China’s belligerence in Taiwan Strait poses new challenge to US
China is taking aggressive new actions in the Taiwan Strait, escalating Beijing’s routine harassment in the international waterway at a low point in diplomatic relations between Beijing and Washington.
U.S. officials and experts say confrontations between Chinese and American military planes and ships in the region are unavoidable, but the instance of a Chinese warship overtaking a U.S. destroyer earlier this week in the Strait is almost unprecedented.
“In the Taiwan Strait, it certainly is new,” said Bonnie Glaser, managing director of the German Marshall Fund’s Indo-Pacific program.
“Maybe this has been happening in the South China Sea, but in the Taiwan Strait, the Chinese generally shadow U.S. ships, they get on the comms and tell them to leave — but I know of no prior case of that kind of dangerous maneuver.”
In a video of the incident, the Chinese naval ship overtakes the U.S. destroyer and crosses the bow with 150 yards between the ships, according to U.S. Indo-Pacific Command.
Experts say it’s unclear why China decided to carry out such a provocation — whether they were reacting to U.S. support for Taiwan, attempting to distract from domestic troubles, or peacocking during a high-profile defense summit in the region.
“Fundamentally, this is really about power and political signaling,” said Peter Dutton, professor with the Stockton Center for International Law at the U.S. Naval War College.
“The Chinese know the law, they understand the collision regulations, they understand exactly what they’re doing, so it’s unusual in the sense that they are engaging in dangerous behavior in order to send political and power-base signals.”
Tensions between the U.S. and China have flared in recent months — over the U.S. shooting down a Chinese spy balloon and Speaker Kevin McCarthy (R-Calif) meeting with Taiwan’s president — and show little sign of improving.
President Biden is pushing for Chinese President Xi Jinping to establish predictable channels of communication that continue to operate even as unexpected crises upend the relationship — such as air and naval confrontations in the disputed South China Sea.
Beijing has responded to some efforts by the U.S. and stonewalled others. CIA Director William Burns traveled to China in May, a U.S. official confirmed to The Hill, and talked about “the importance of maintaining open lines of communication in intelligence channels” with his Chinese counterparts.
But China Defense Minister Li Shangfu rejected outreach by Secretary of Defense Lloyd Austin to hold a meeting on the sidelines of the Shangri-La Dialogue in Singapore last week.
The confrontation between the Chinese naval vessel and the U.S. warship, which was sailing in tandem with a Canadian warship, occurred while Austin and Li were delivering dueling speeches to the conference.
Austin reiterated calls for dialogue to keep confrontations from spiraling into conflict. Li told the audience to “mind your own business.”

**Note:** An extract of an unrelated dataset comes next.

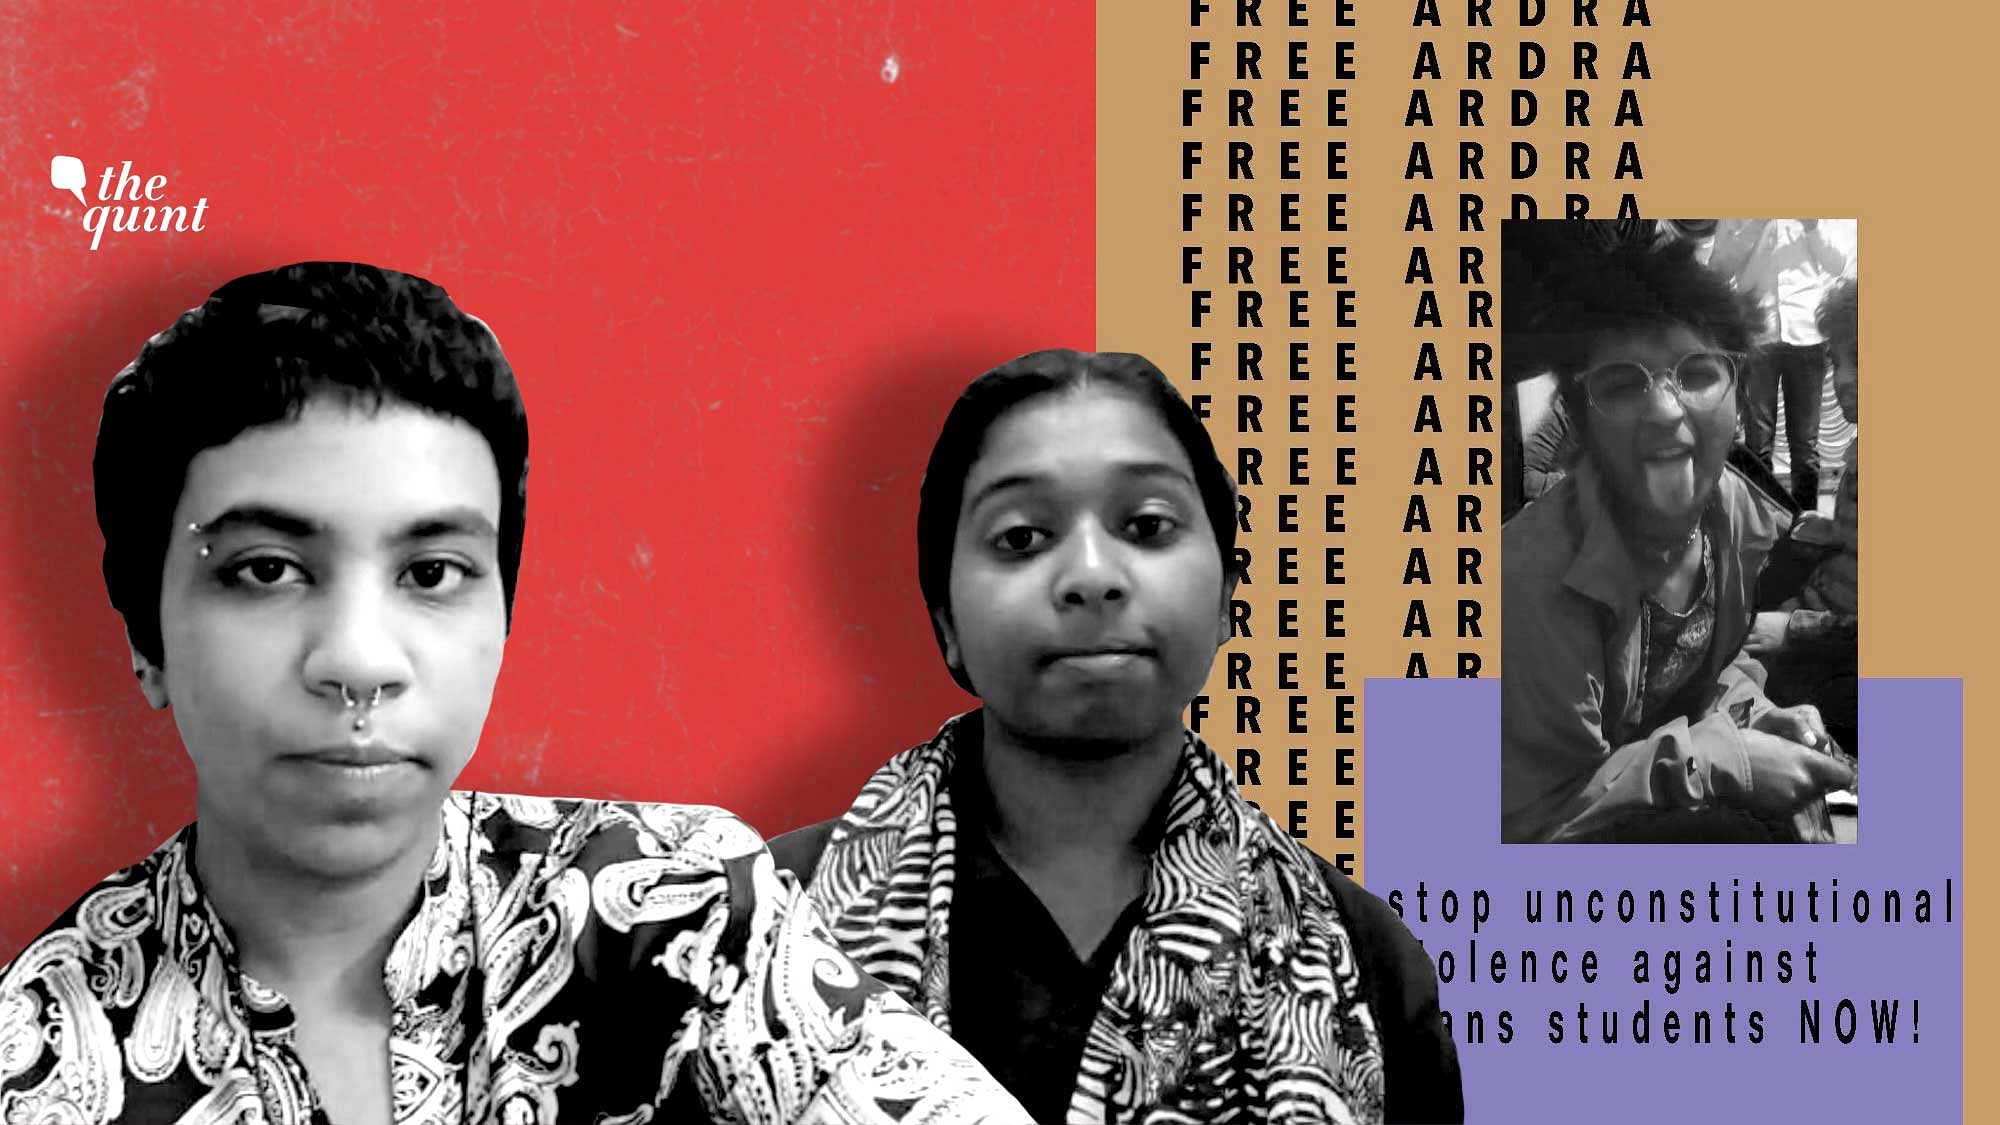 Students and protesters react to the recent arrests of activists Amulya, 19, and Ardra, 24, from Bengaluru on charges of sedition and inciting communal disharmony.

“For China we always say … take good care of your own vessels, your fighter jets, take good care of your own territorial airspace and waters. If that is the case, then I do not think there will be future problems,” he said when pressured to answer questions at the conference a day after reports came out of China’s unsafe maneuvers in the Strait.
The U.S. conducts monthly transits through the Taiwan Strait, Glaser said, which makes this confrontation so unusual.
“The two things that were the potential provocations were the timing of the Shangri-La Dialogue and the inclusion of the Canadian ship,” she said.
The seas of the Taiwan Strait stretch about 100 miles wide from China’s east coast and Taiwan’s west coast, with each country claiming control of the 12 nautical miles that extend out from their shores.
China, as part of its claims of sovereignty over Taiwan, also claims control over the territorial waters extending from the island, but this has long been rhetorical, said a former senior intelligence official, who called the June 3 naval confrontation “really surprising,” adding “I actually think it’s unprecedented.”
The official said the Chinese started shifting their language over the past couple of years to more firmly assert sovereignty over both sides of the Taiwan Strait. In 2022, the Chinese Foreign Ministry said it is a “false claim” to call the strait “international waters.”
“They’re kind of splitting a legal or rhetorical hair here,” the former official said.
“They’re not denying that the center of the Taiwan Strait is an international waterway. But they’re saying that it’s an international passage between two sovereign parts of China. … I think what we saw this week might be the first time they’ve tried to actually assert that on the waters with a naval vessel.”